The technology to digitally re-create dead people exists. And, at least for Orbison fans in the UK, there is a demand for it. But as the technology hastens, so, too, does the urgency to discuss the ethical questions that it raises. What happens if an estate that’s facing money troubles comes calling with an opportunity that the artist might not have approved of?
“That’s where this could really go down the wrong path,” Tudor acknowledges. “They need money, so they’re going to exploit it however they’re going to exploit it. I haven’t been in a position yet where I’m torn between the commercial or the ethical, but I always lean toward the ethical. There’s always another way to make money. But if you make a mistake ethically, you could be out of the business.”
While alive, artists have the right to control the commercial use of their image, often referred to as the right of publicity. But whether this right continues into death, governed by the artist’s estate, depends on a hodgepodge of state laws. There’s no federal law dictating the postmortem right of publicity. For Texas residents, that right remains with the estate for 50 years; for New Yorkers, there’s no such protection. Robin Williams, who died in 2014, had a provision in his will restricting the use of his image for 25 years—which will be honored because he died in California, which has laws that are similar to those in Texas. For those types of restrictions to apply nationally, it’ll take new laws. “There has been considerable discussion about the need for a federal right of publicity law to create uniformity,” says Linda Wank, a New York attorney with experience in estate law as it relates to intellectual property and the right of publicity.

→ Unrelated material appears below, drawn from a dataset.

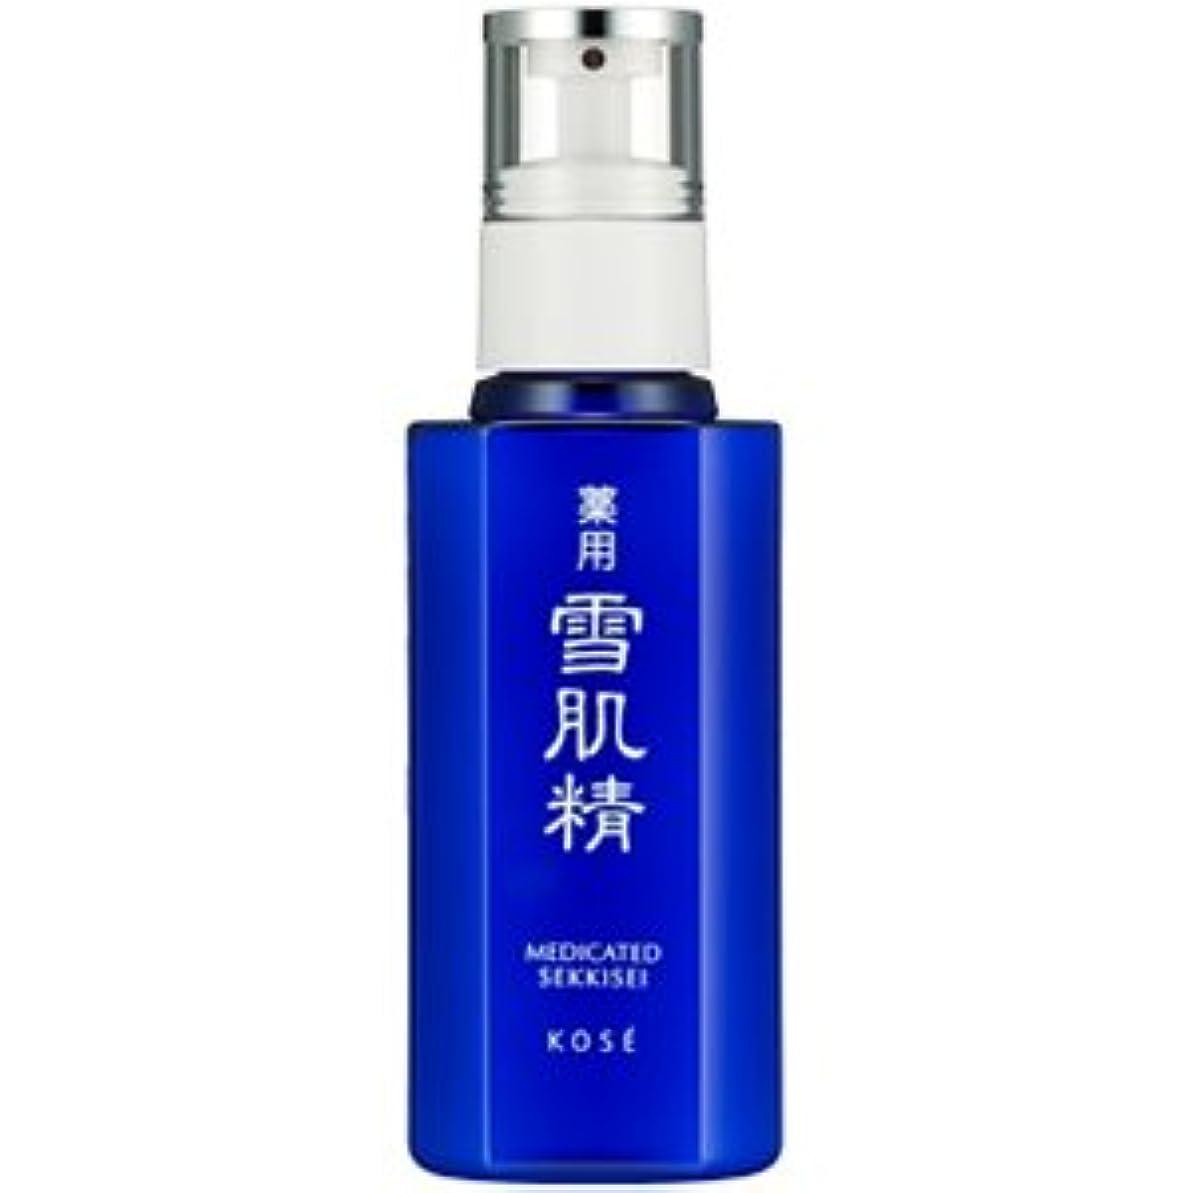 ライバルぺディカブ同級生【コーセー 乳液】薬用 雪肌精 乳液 140ml
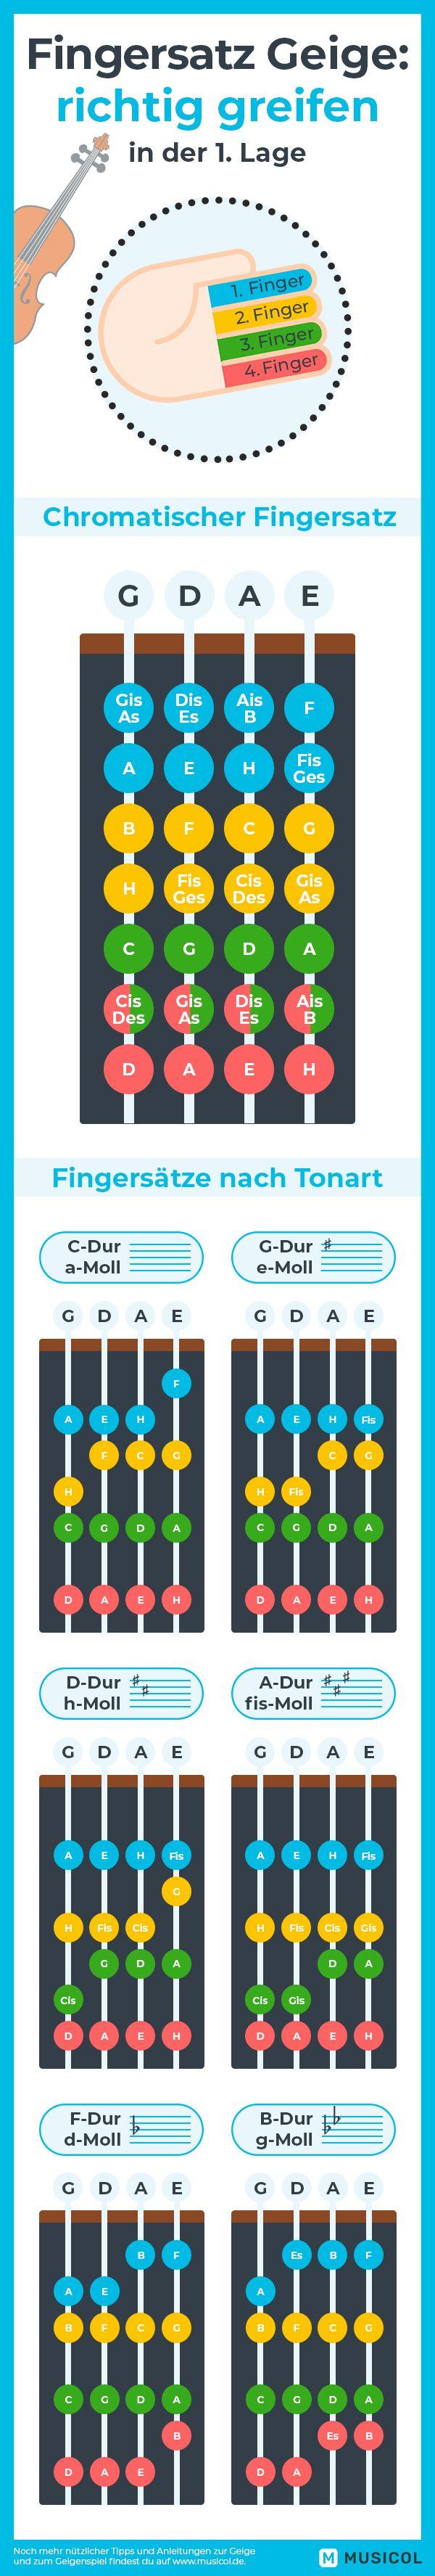 Fingersatz Geige: richtig greifen – Blubby

The Orbisons are confident that their dad, a technophile who launched his own career by partnering with a Midland-area furniture store to get himself a show on the local television station KMID at a time when only 64 percent of households in the U.S. had televisions, would have loved the idea of performing as a hologram. “He liked to stay relevant and new,” Alex says. “This was the same kind of opportunity as what he was doing in 1954.”
Other estates are less interested in, and sometimes adamantly against, the technology. Tudor says that Base was in early talks with Prince’s estate, which was uninterested. After Justin Timberlake hastily scrapped plans to perform alongside a hologram version of the pop star at the Super Bowl in February, an interview conducted two decades earlier resurfaced in which Prince, a devout Jehovah’s Witness, called such performances “demonic.”
“We’re not out to exploit people,” Tudor says. “I’m in this business because of artists like Roy.” Even though Tudor is in the illusion business, getting it right is important to him. “I’d never want to do something that’s not authentic.”